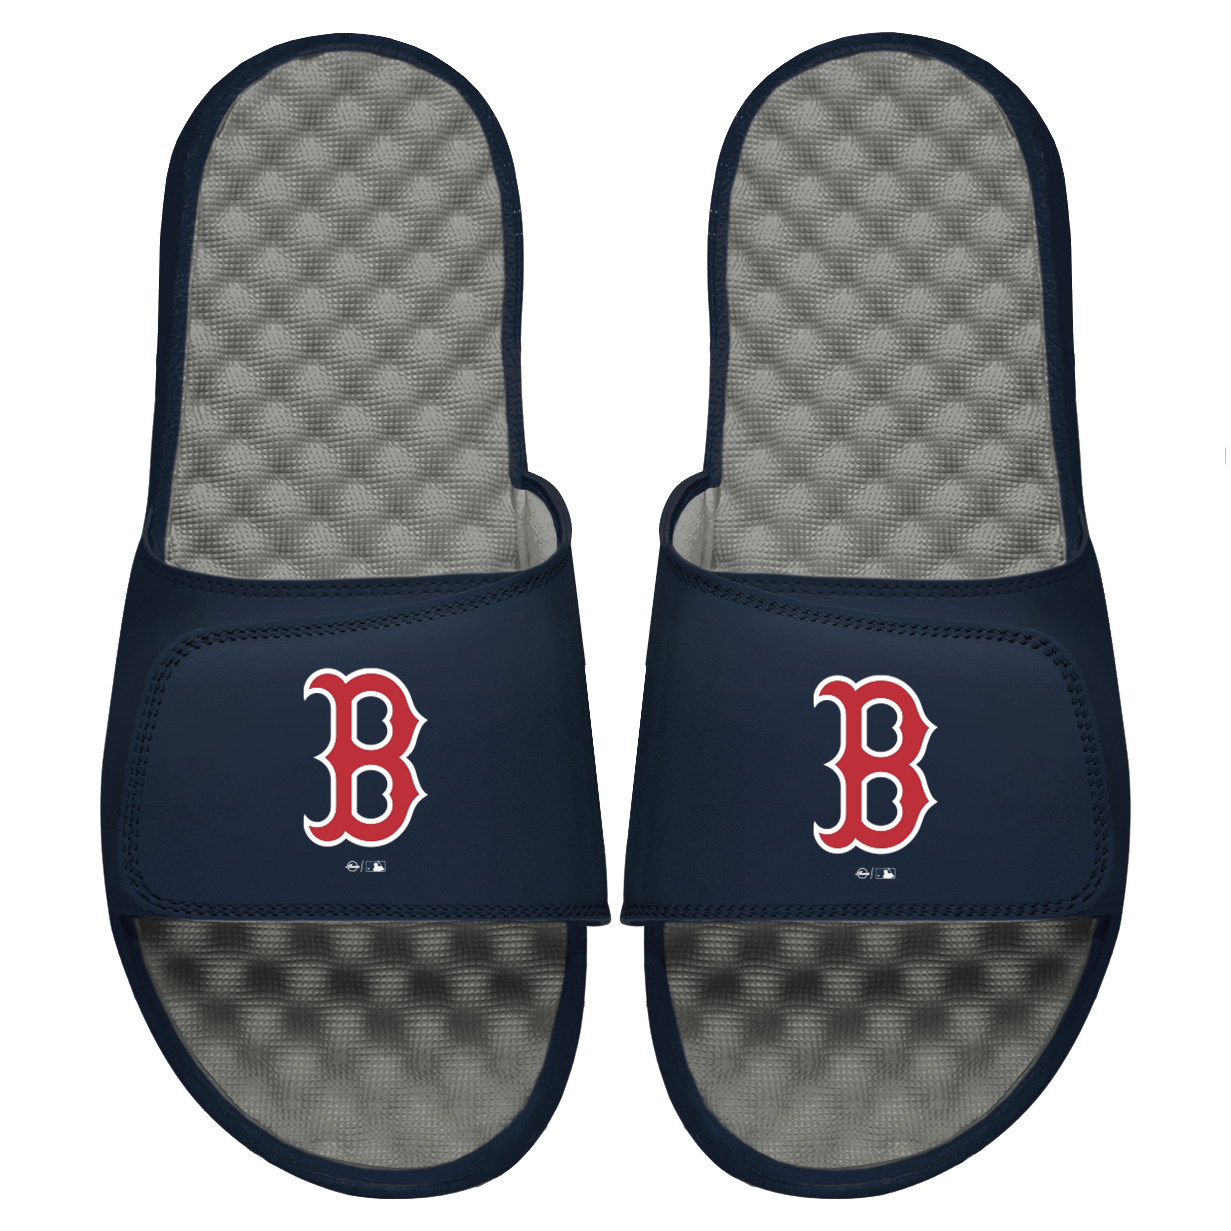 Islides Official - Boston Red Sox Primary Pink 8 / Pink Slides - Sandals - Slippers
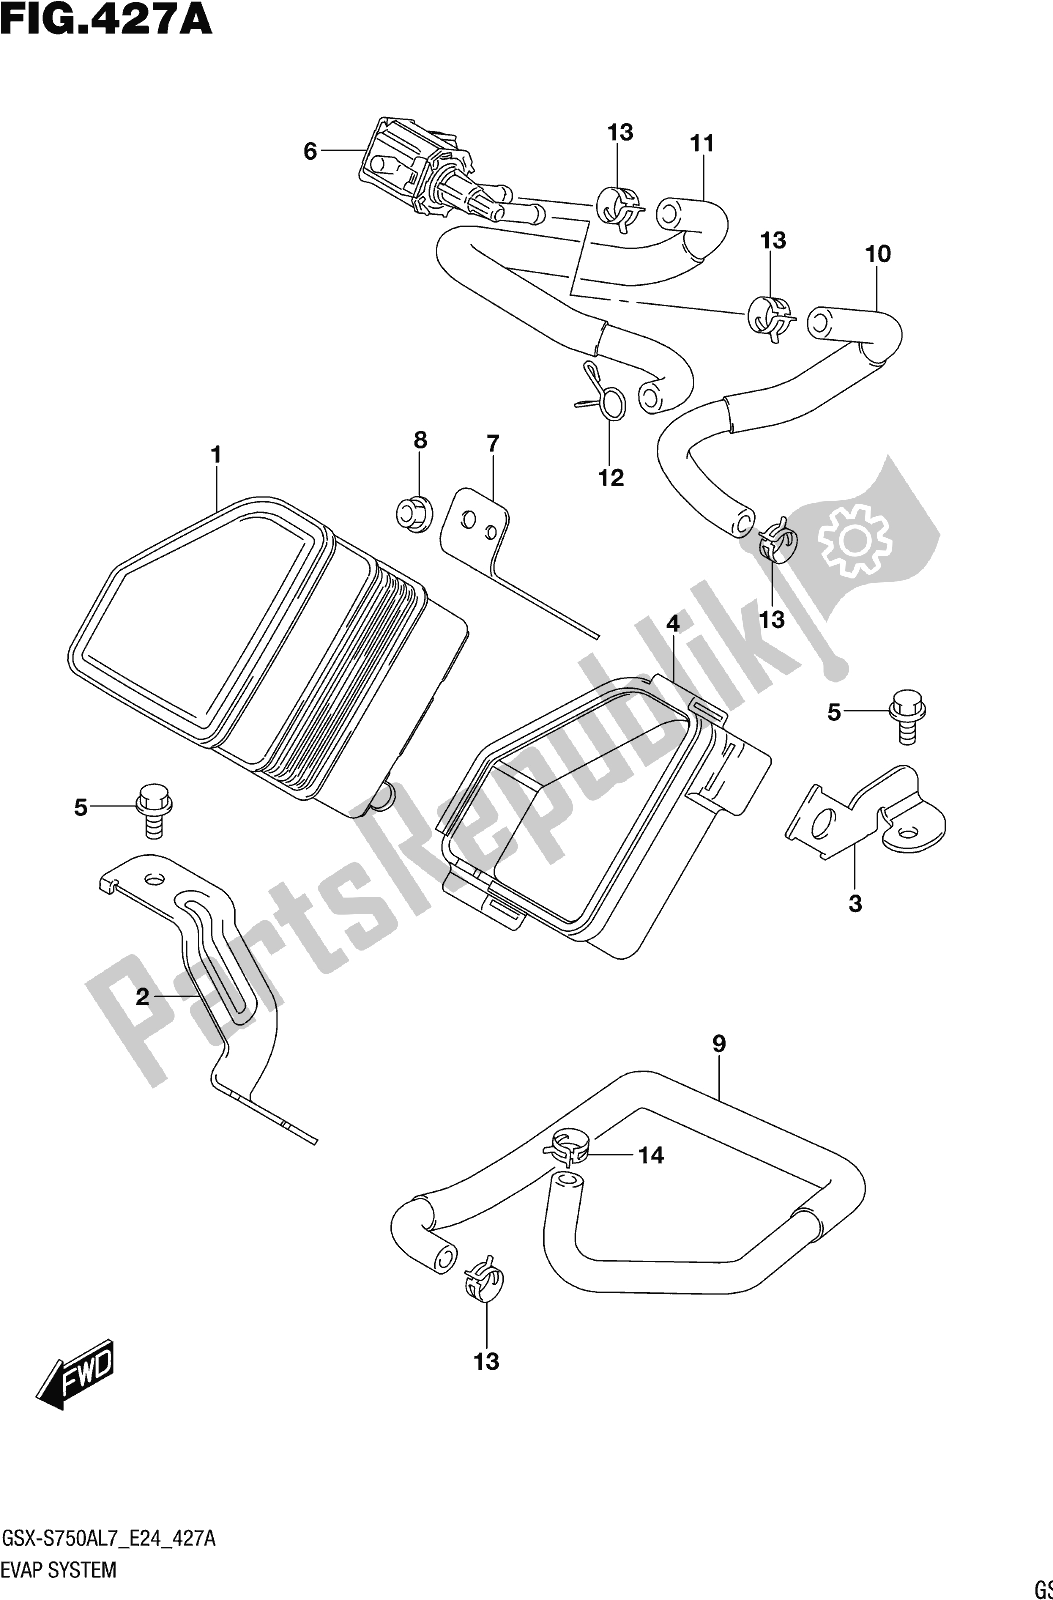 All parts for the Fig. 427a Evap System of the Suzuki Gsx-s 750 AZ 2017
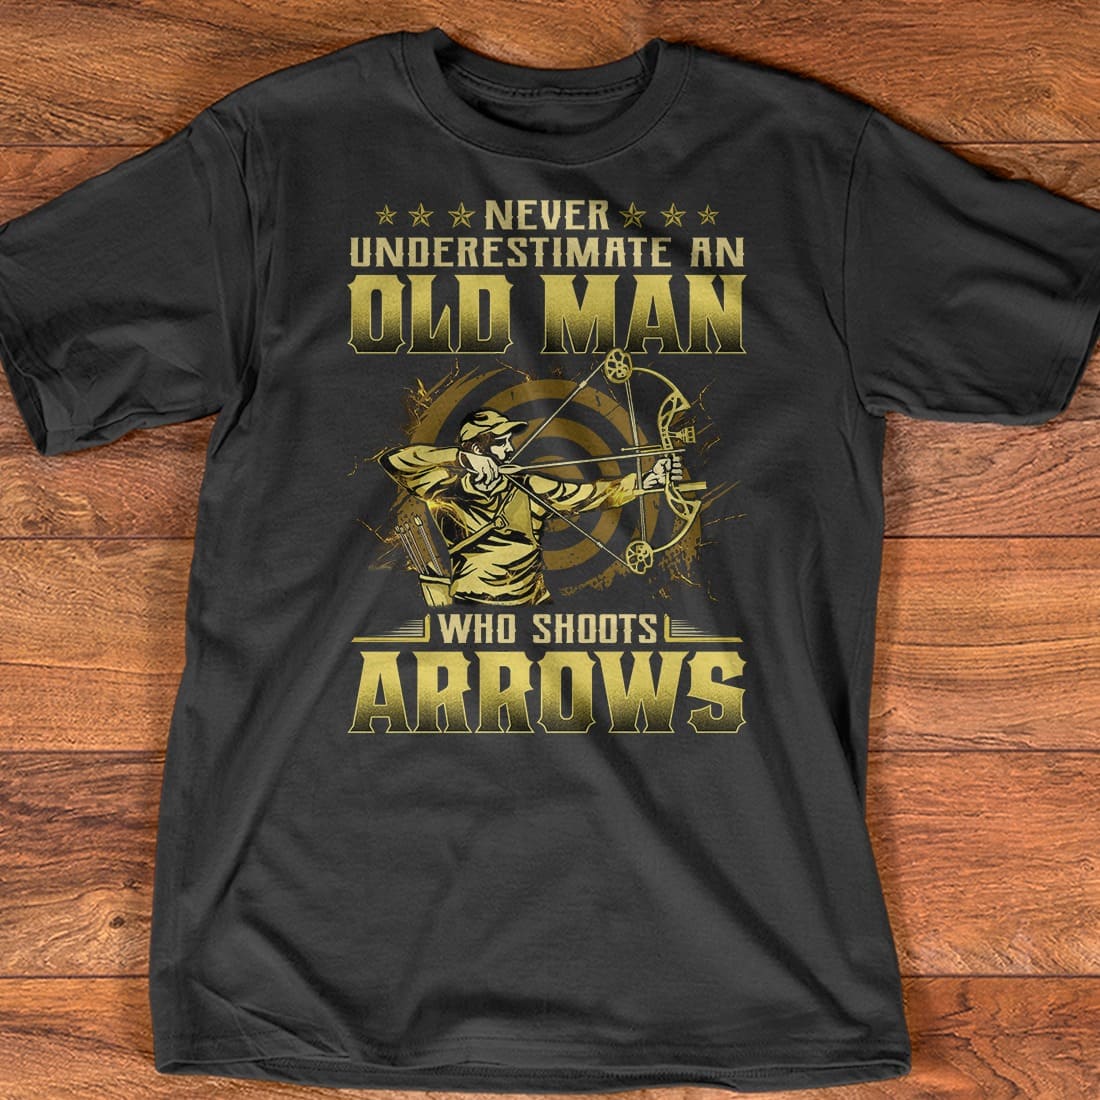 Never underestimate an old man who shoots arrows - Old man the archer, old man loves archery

• **Requirement**:
The complete material, set down exactly and stripped of pictures, is the expected response.

• **Output below**:
 Islides Official - Boston Red Sox Primary Pink 8 / Pink Slides - Sandals - Slippers
 All parts for the Fig. 427a Evap System of the Suzuki Gsx-s 750 AZ 2017
 Never underestimate an old man who shoots arrows - Old man the archer, old man loves archery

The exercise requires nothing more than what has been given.